Leading the charge here are Flo & Eddie, two members of 1960s band The Turtles. And last year they scored a win in the Californian courts against satellite radio service Sirius, prompting them to sue Pandora on the same arguments.

And it’s in that domain that there was an important development this week. Pandora quickly tried to have the Flo & Eddie lawsuit dismissed by filing what’s known as an anti-SLAPP motion. Anti-SLAPPs are used when a defendant believes they are being targeted with litigation to force their hand or to censor them in some way. The Anti-SLAPPer is usually accusing the litigant of having no desire to see the lawsuit get to court, rather they hope the pressure of litigation will help them get their way.

It always seemed like an ambitious move on Pandora’s part, which said that Flo & Eddie’s attempts to stop them playing the duo’s music was an attack on the firm’s free speech rights. And the judge hearing the case, Philip S Gutierrez, who also ruled on the Sirius legal action, this week knocked the claim back. He said that Flo & Eddie’s lawsuit contained arguments that were “meritorious enough to withstand the anti-SLAPP motion”.

Pandora, however, will appeal. Which will force the matter to another court, which might have been the digital firm’s plan all along, given that it¬†knows what Gutierrez’s opinions are on this matter as a result of the Sirius litigation, and might be hoping for a more friendly judge in another courtroom.
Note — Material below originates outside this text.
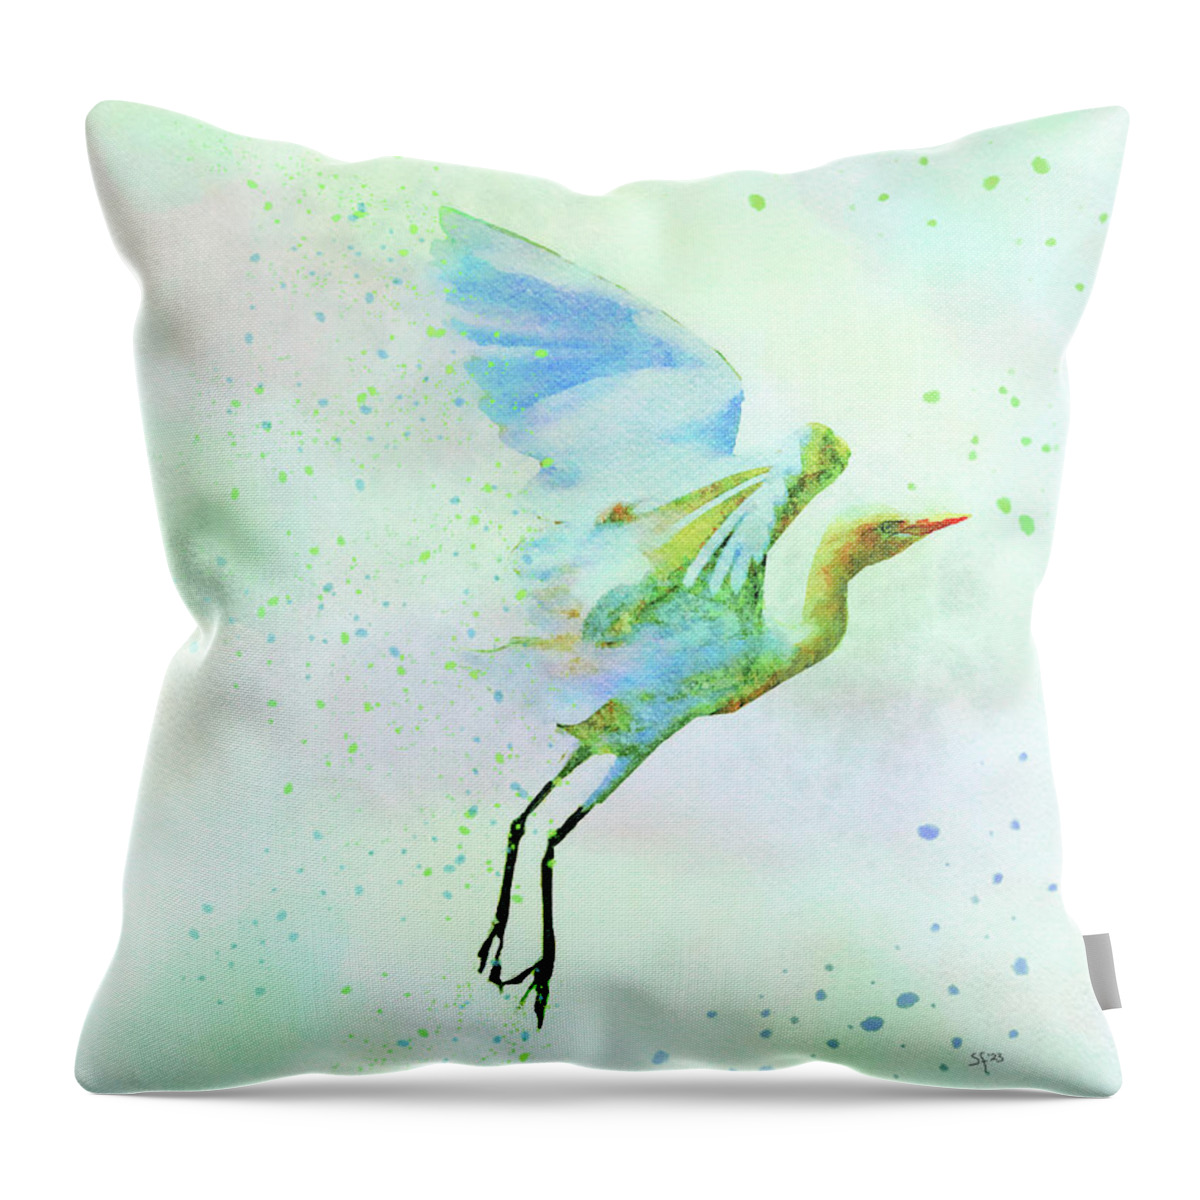 Colorful Throw Pillow featuring the digital art Colorful Crane Watercolor Bird Wildlife Painting by Shelli Fitzpatrick

There are, of course, multiple lawsuits rumbling on regarding this issue, and in multiple states. The US Copyright Office recently said that it thinks federal copyright law should just be applied to pre-1972 recordings to overcome all these ambiguities. And despite fighting the pre-1972 litigation at a state level, Pandora has indicated it might support that move, providing any new restrictions were applied across the board.